In Sandpointe, the Nevada Supreme Court stated that the foreclosure sale is the relevant action that vests the right to a deficiency in the lender. Because the foreclosure sale in Eagle occurred after the effective date, the Eagle Court could have followed Sandpointe and applied NRS 40.459(1)(c) to limit the Plaintiff’s recovery. The Eagle Court determined, however, that Sandpointe did not mandate the application of NRS 40.459(1)(c) to the loans which had been transferred prior to the effective date of AB 273 even though the foreclosure sales occurred afterwards. Sandpointe involved a loan that had been assigned and foreclosed prior to AB 273’s effective date. The Sandpointe Court, therefore, was not required to decide whether NRS 40.459(1)(c) could be applied  to a loan assigned before the statute’s effective date, but not foreclosed until after the effective date. On the contrary, the Eagle Court was squarely faced with this question.

In arriving at its conclusion that NRS 40.459 did not limit the amount of the Plaintiff’s deficiency, the Eagle Court applied the three-part Contract Clause test set forth by the Ninth Circuit. The Eagle Court first determined that NRS 40.459(1)(c) substantially impairs the contractual relationship in a pre-AB 273 assignment because it limited the recovery on the purchased debt in a way that would not have been contemplated at the time of purchase. Second, the Eagle Court determined that AB 273 would provide a windfall to mortgagors if applied retroactively and, therefore, was more akin to special interest legislation than a neutral exercise of the state’s police power. Finally, the Eagle Court held that AB 273 was not based upon reasonable conditions and was not appropriate to meet the public purpose it was meant to serve because its application would significantly impair the value of pre-enactment assignments and there were less restrictive alternatives.
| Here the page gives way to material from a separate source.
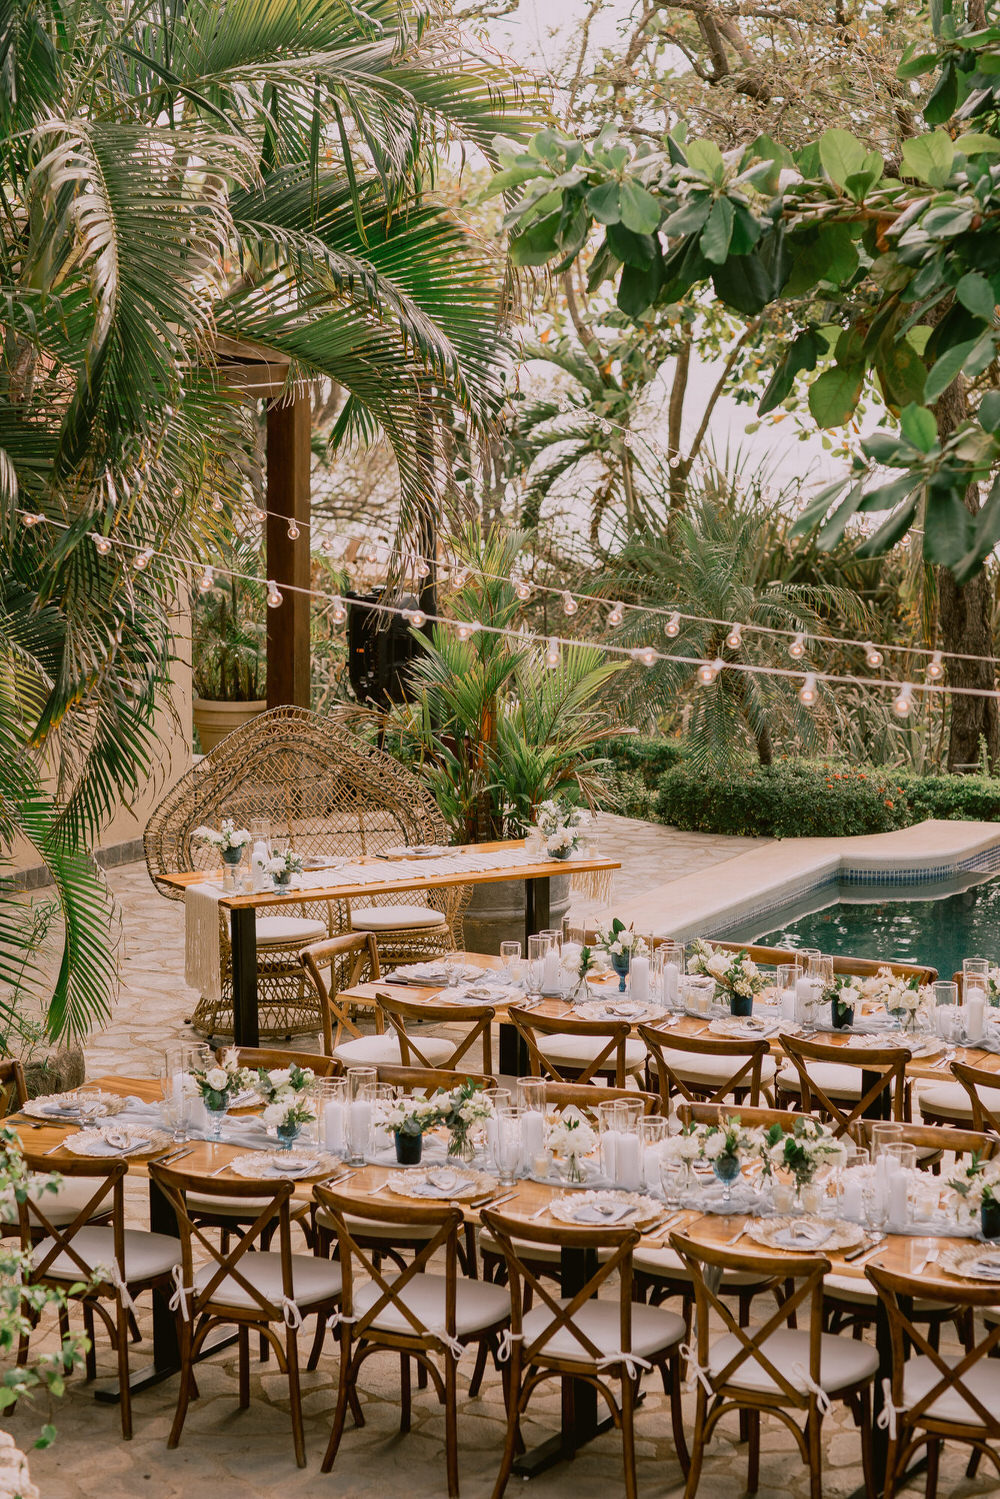 wedding reception decor with market lights by a pool

Based on the forgoing, the Eagle Court determined that the statute would violate the Contract Clause of the U.S. Constitution if applied retroactively to loans that were assigned prior to the law’s effective date. The Eagle Court then had to determine whether the statute could be read to avoid the constitutional infirmity. Relying on Sandpointe and the legislative history of AB 273, the Eagle Court determined that the statute could be read to apply only to assignments after June 10, 2011, thereby avoiding the Constitutional issue.
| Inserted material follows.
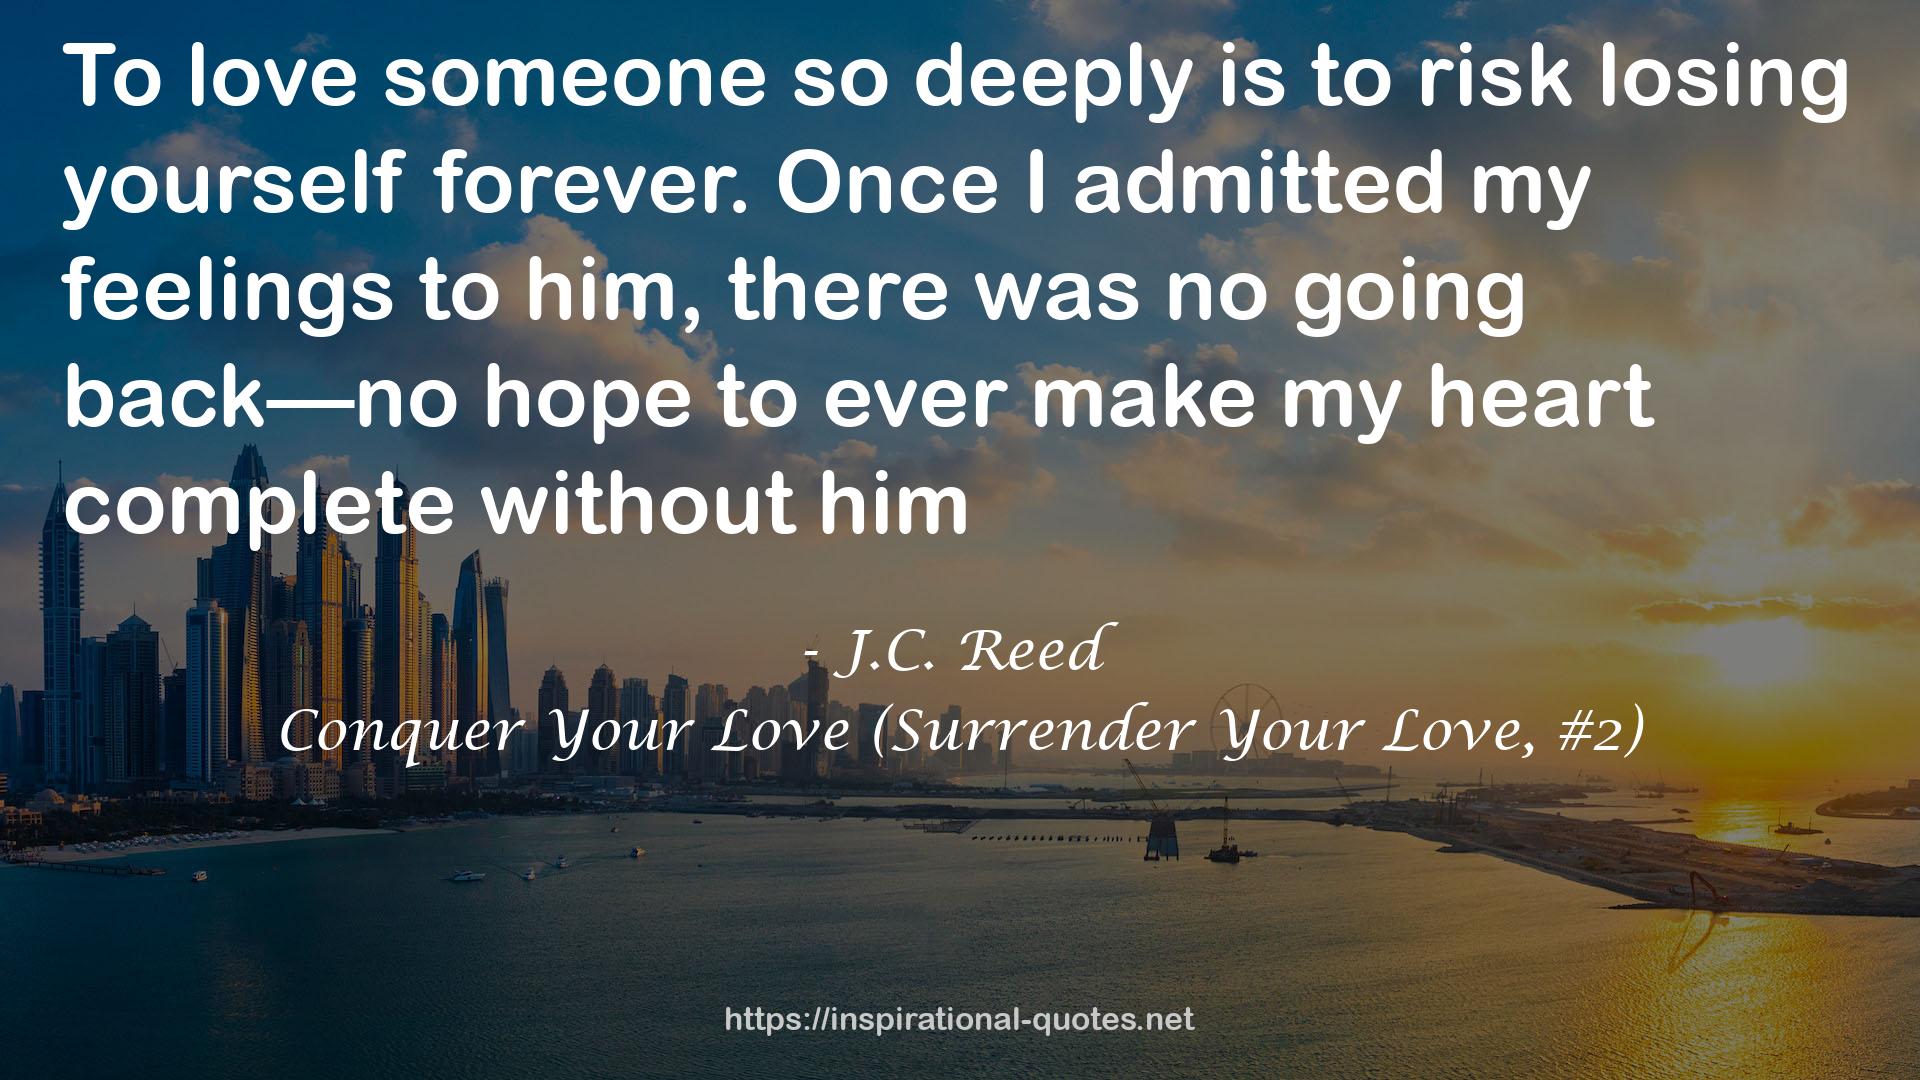 Conquer Your Love (Surrender Your Love, #2) QUOTES

One small section of the Eagle Court decision is of particular concern for lenders in Nevada. In a four sentence section, the Court stated that a transfer from a parent to a subsidiary would fall within the limitations of NRS 40.459(1)(c).  The Court based its conclusion on the separate legal status of the parent and subsidiary and the fact that the legislature did not provide an exception for parent-subsidiary assignments. However, this portion of the decision appears to be dicta because the Court did not need to decide this issue since the assignment occurred prior to the statute’s effective date. Additionally, it does not appear that the Court had before it the following arguments:

  1. The amount of consideration given in a parent-subsidiary transaction is equivalent to the full amount of the debt. In a parent-subsidiary assignment, the parent entity still retains the equitable interest in the asset because it owns all of the equity of the subsidiary, which would include the full amount of the loan.
  2. The legislative history of AB 273 is focused on encouraging lenders to negotiate with borrowers rather than sell the debt at a discount. Nothing in the legislative history of AB 273 addresses assignments by a parent to a subsidiary – essentially a nominee – that is formed for the purpose of holding distressed assets.
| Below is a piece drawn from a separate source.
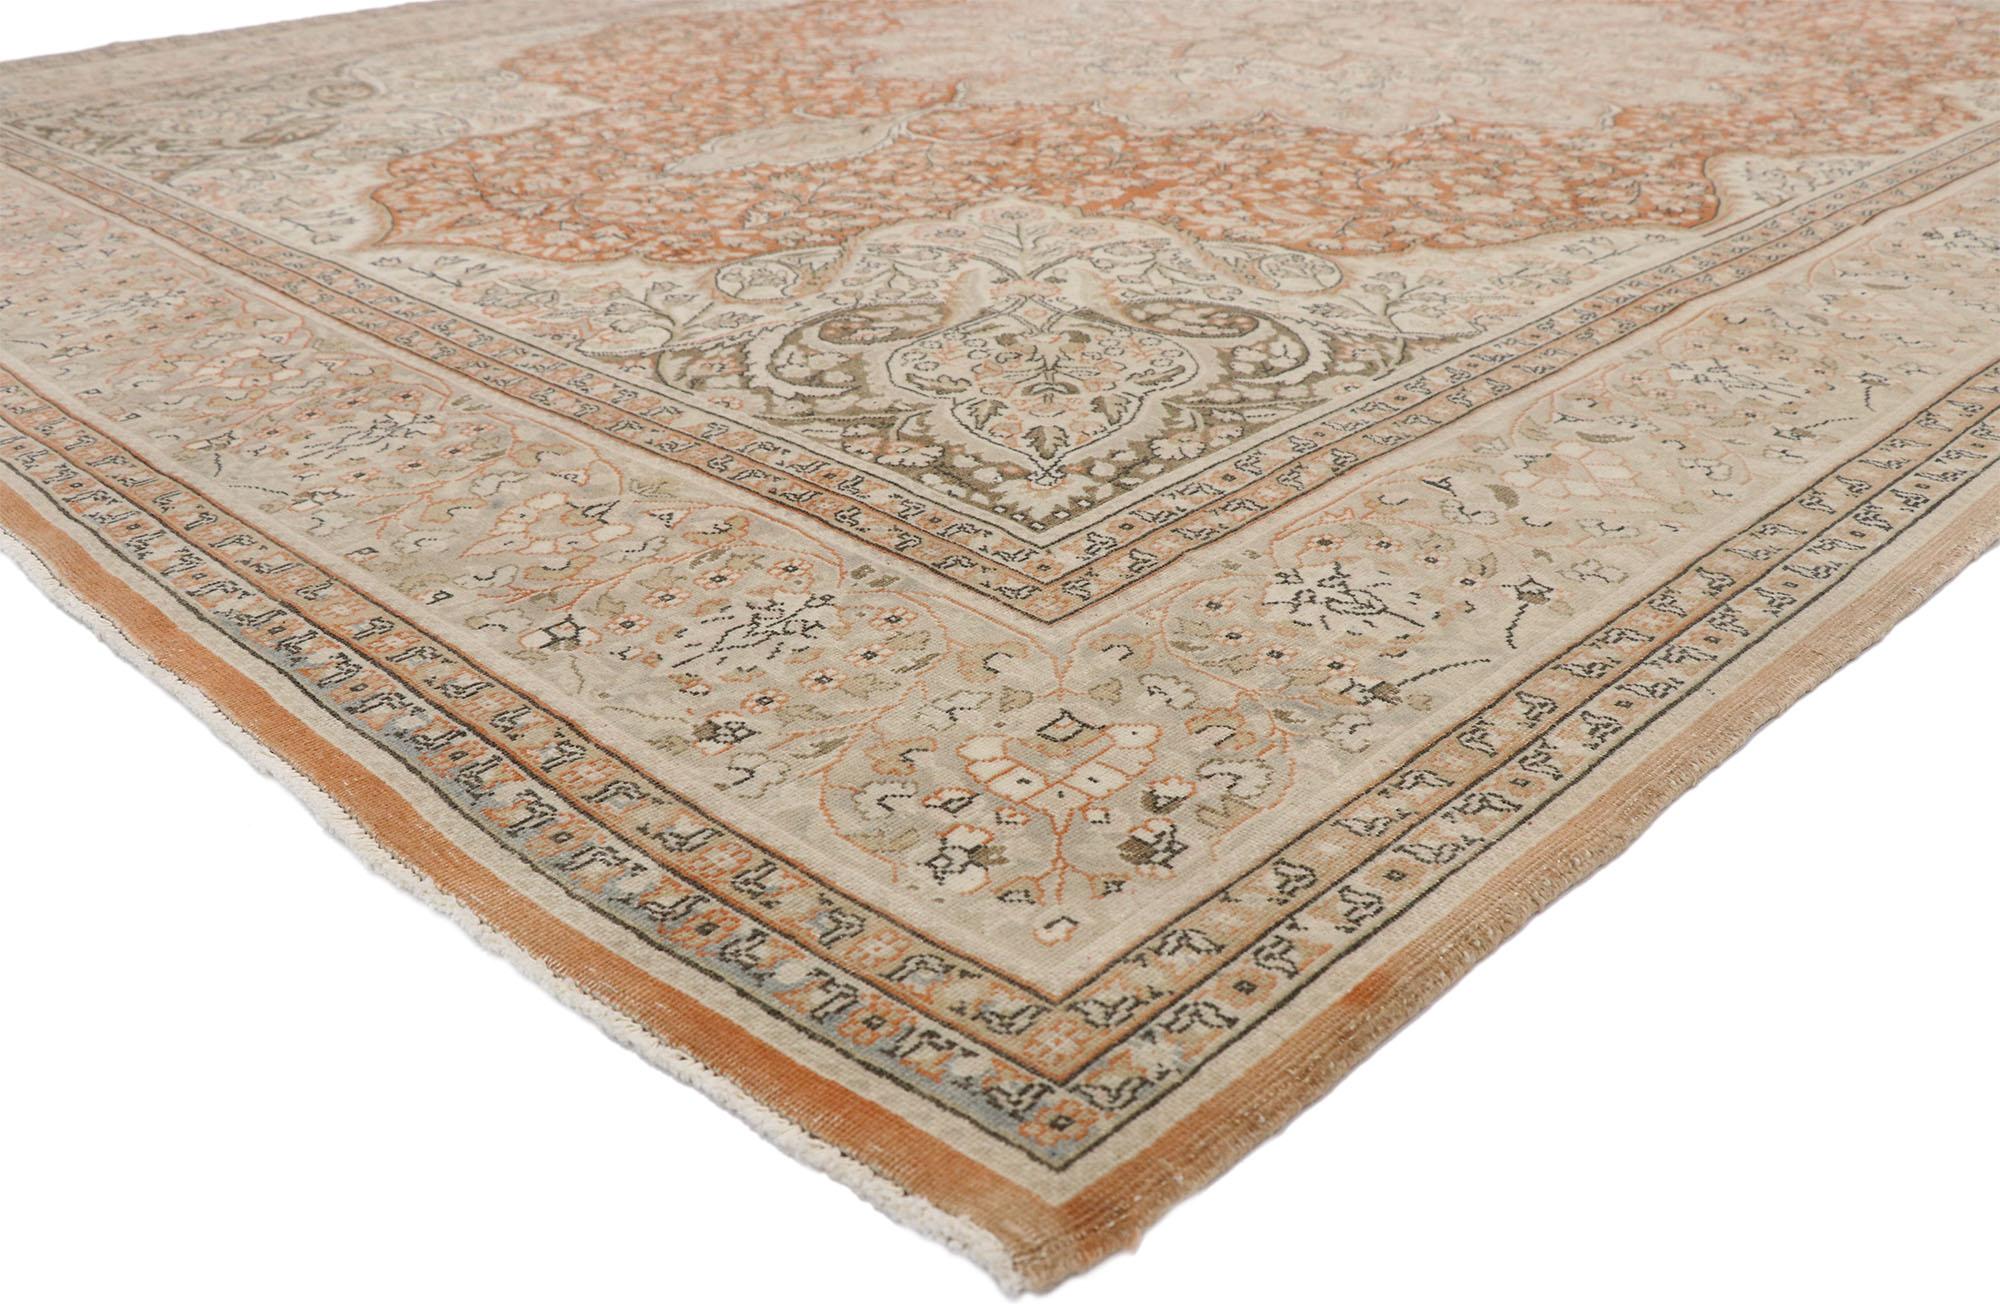 52651, distressed vintage Turkish Sivas rug with Romantic Rustic Art Nouveau style. Balancing a timeless design with a romantic rustic sensibility, this hand knotted wool distressed vintage Turkish Sivas rug beautifully embodies Art Nouveau style. A

Although the Nevada Supreme Court has not weighed in on this matter, it seems inevitable that it will be asked to do so soon. In the meantime, lenders should carefully structure assignments to subsidiaries with this ruling in mind.

DISCLAIMER: Because of the generality of this update, the information provided herein may not be applicable in all situations and should not be acted upon without specific legal advice based on particular situations. Attorney Advertising.